Cameras are increasingly being deployed in cities, enterprises and roads world-wide to enable many applications in public safety, intelligent transportation, retail, healthcare and manufacturing. Often, after initial deployment of the cameras, the environmental conditions and the scenes around these cameras change, and our experiments show that these changes can adversely impact the accuracy of insights from video analytics. This is because the camera parameter settings, though optimal at deployment time, are not the best settings for good-quality video capture as the environmental conditions and scenes around a camera change during operation. Capturing poor-quality video adversely affects the accuracy of analytics. To mitigate the loss in accuracy of insights, we propose a novel, reinforcement-learning based system APT that dynamically, and remotely (over 5G networks), tunes the camera parameters, to ensure a high-quality video capture, which mitigates any loss in accuracy of video analytics. As a result, such tuning restores the accuracy of insights when environmental conditions or scene content change. APT uses reinforcement learning, with no-reference perceptual quality estimation as the reward function. We conducted extensive real-world experiments, where we simultaneously deployed two cameras side-by-side overlooking an enterprise parking lot (one camera only has manufacturer-suggested default setting, while the other camera is dynamically tuned by APT during operation). Our experiments demonstrated that due to dynamic tuning by APT, the analytics insights are consistently better at all times of the day: the accuracy of object detection video analytics application was improved on average by ∼ 42%. Since our reward function is independent of any analytics task, APT can be readily used for different video analytics tasks.

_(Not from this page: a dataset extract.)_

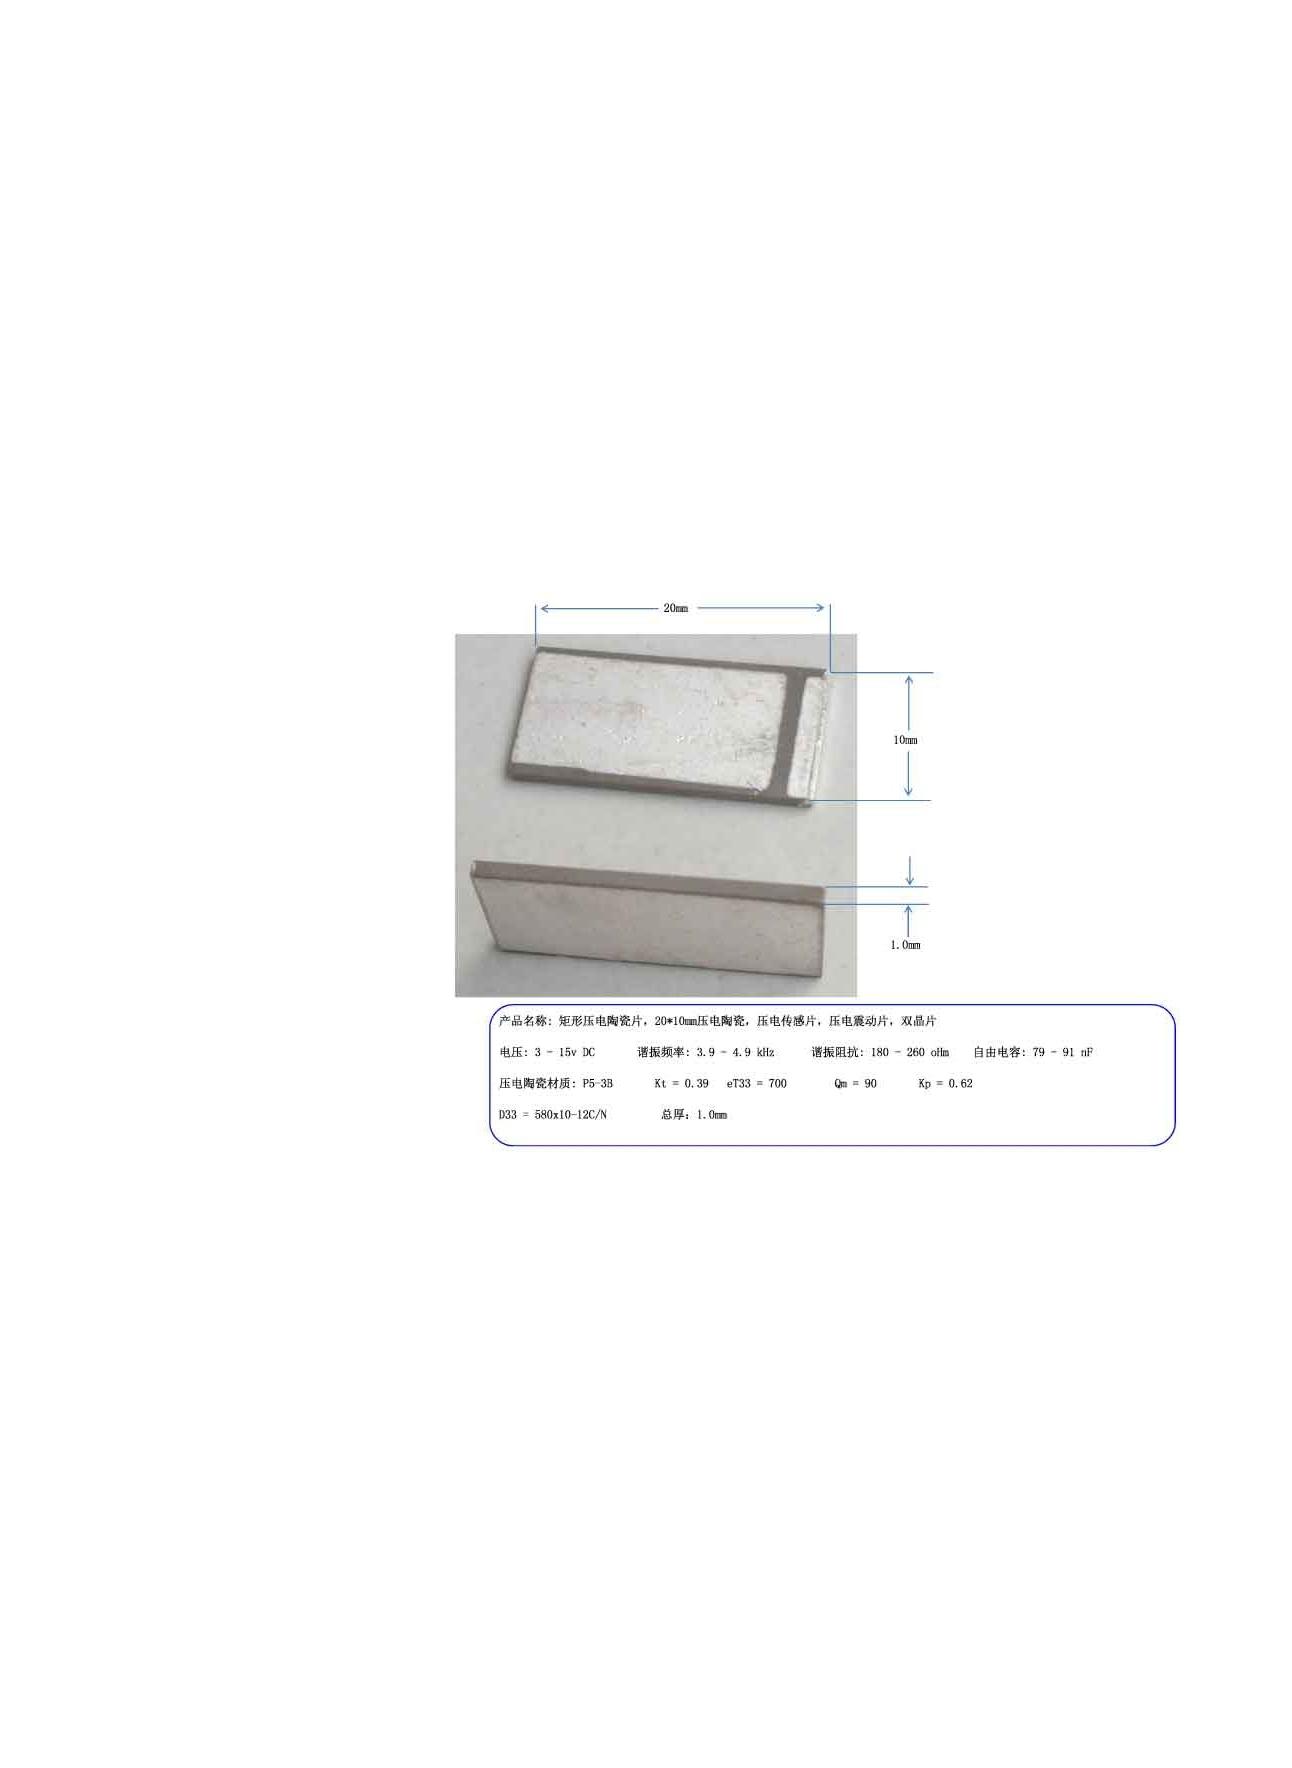 Rectangular piezoelectric ceramic, 20*10mm piezoelectric ceramics, piezoelectric film, piezoelectric vibration plate, bimorph vibration of orthotropic rectangular plate

DataX Allocator: Dynamic resource management for stream analytics at the Edge

Serverless edge computing aims to deploy and manage applications so that developers are unaware of challenges associated with dynamic management, sharing, and maintenance of the edge infrastructure. However, this is a non-trivial task because the resource usage by various edge applications varies based on the content in their input sensor data streams. We present a novel reinforcement-learning (RL) technique to maximize the processing rates of applications by dynamically allocating resources (like CPU cores or memory) to microservices in these applications. We model applications as analytics pipelines consisting of several microservices, and a pipeline’s processing rate directly impacts the accuracy of insights from the application. In our unique problem formulation, the state space or the number of actions of RL is independent of the type of workload in the microservices, the number of microservices in a pipeline, or the number of pipelines. This enables us to learn the RL model only once and use it many times to improve the accuracy of insights for a diverse set of AI/ML engines like action recognition or face recognition and applications with varying microservices. Our experiments with real-world applications, i.e., face recognition and action recognition, show that our approach outperforms other widely-used alternative approaches and achieves up to 2.5X improvement in the overall application processing rate. Furthermore, when we apply our RL model trained on a face recognition pipeline to a different and more complex action recognition pipeline, we obtain a 2X improvement in processing rate, thus showing the versatility and robustness of our RL model to pipeline changes.